Максимка молча рассматривал Стаса, не скрывая насмешки.
– Что мне с этим делать? – спросил Стас, указав на заявление.
– Брать и расследовать. Вот выйдешь из здания и отправляйся искать. Шрайер, раз уж он такой добренький, будет с тобой в паре. Ты ведь не возражаешь?
– Нет. Не возражаю.
– Ты «балалайку» свою не выбросил? Я могу тебе выдать новую. Сейчас это большая ценность, из-за них начали убивать. Ты не слышал?
– Служба новостей ничего такого не сообщала.
– Служба новостей… Разве ты не интересуешься слухами?
– Сегодня мне рассказали об отрезанных головах. Еще удивлялись, что головы отрезают, а мясо не едят. Это о «балалайках»?
– О них. И мясо действительно не едят. Я тоже удивляюсь.

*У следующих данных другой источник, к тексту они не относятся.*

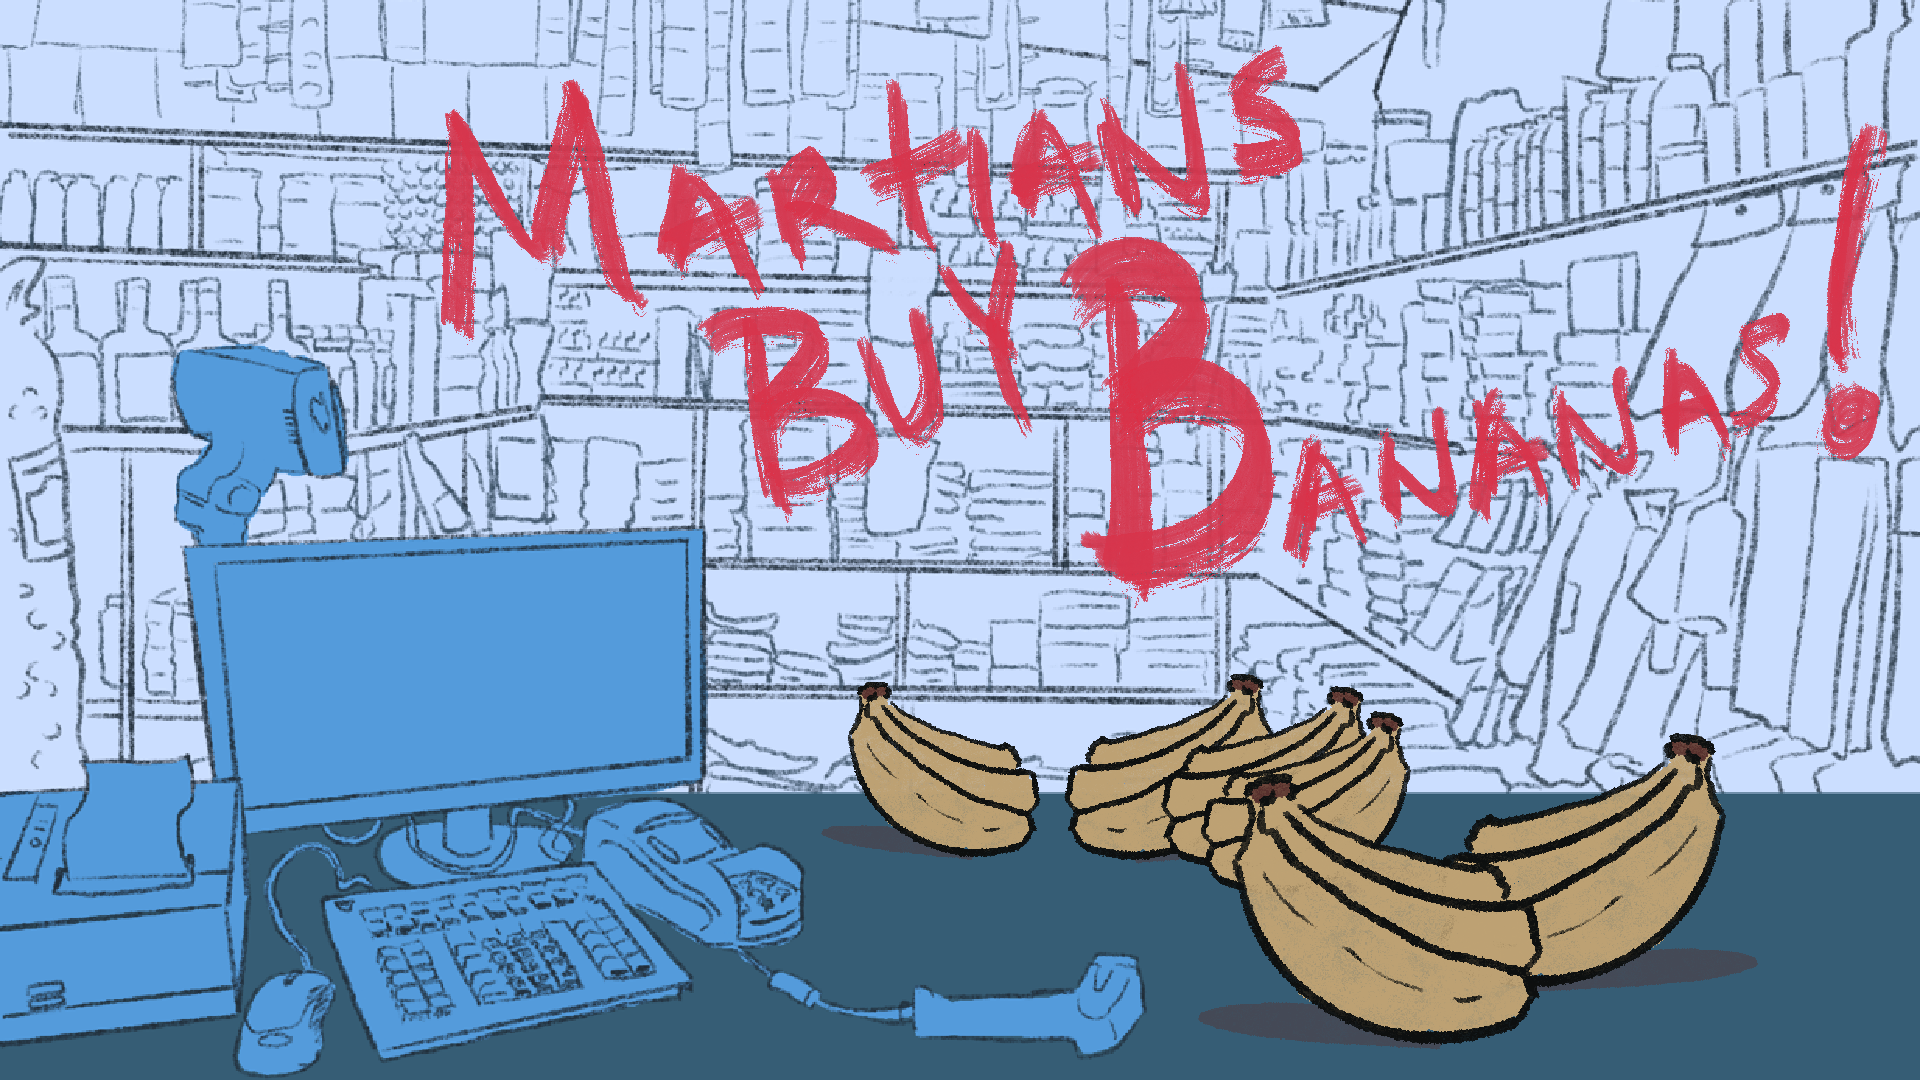 Martians Buy Bananas

Обрати внимание – конец света, Катастрофа и все такое – и никакого каннибализма, погромов, борьбы за выживание… Тебя это не удивляет?

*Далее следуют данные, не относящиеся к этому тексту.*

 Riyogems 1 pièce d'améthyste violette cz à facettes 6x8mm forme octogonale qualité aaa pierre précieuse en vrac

– Но у вас ведь прекрасно работает Служба Безопасности! – Стас изобразил восторг и восхищение. – Нет?
– Прекрасно работает. В Москве тоже прекрасно работала. И конца света тогда еще не было, и землетрясения еще не начались, а как грянуло… Ты ведь сам все видел. – Максимка встал из-за стола и, обойдя стол, остановился возле Стаса. – Ты, я знаю, участие принимал во всем этом. Принимал ведь?
Стас продолжал смотреть на опустевшее кресло перед собой. Смотреть сейчас на Максимку – унижать себя. Неловко задрать голову, до боли в затылке, чтобы глядеть не на его брюхо, а в глаза? И еще Стас не хочет вспоминать то, что было в Москве. Он уже почти забыл это.
– Ты, кажется, отправил на тот свет трех сотрудников СБА, – пророкотало где-то вверху, высоко над головой Стаса. – Ты не в курсе, наверное, что информация о таких эксцессах немедленно рассылается во все отделения СБА. У нас не принято прощать такие поступки в отношении наших коллег…
– Я слышал об этом, – стараясь говорить твердо, произнес Стас. – Что ж два года тянули? Прямо сейчас мне глотку перегрызешь?.. – Стас сделал над собой усилие и добавил: – Максимка.
– Не перегрызу. Перекушу. Одним движением челюсти перекушу.
– Большая практика?
Открылась дверь кабинета, и на пороге появилась секретарша с подносом в руках. Запахло кофе. А юбка у девушки оказалась точно такой, как себе представлял Стас: не короткая, но аппетитно облегающая.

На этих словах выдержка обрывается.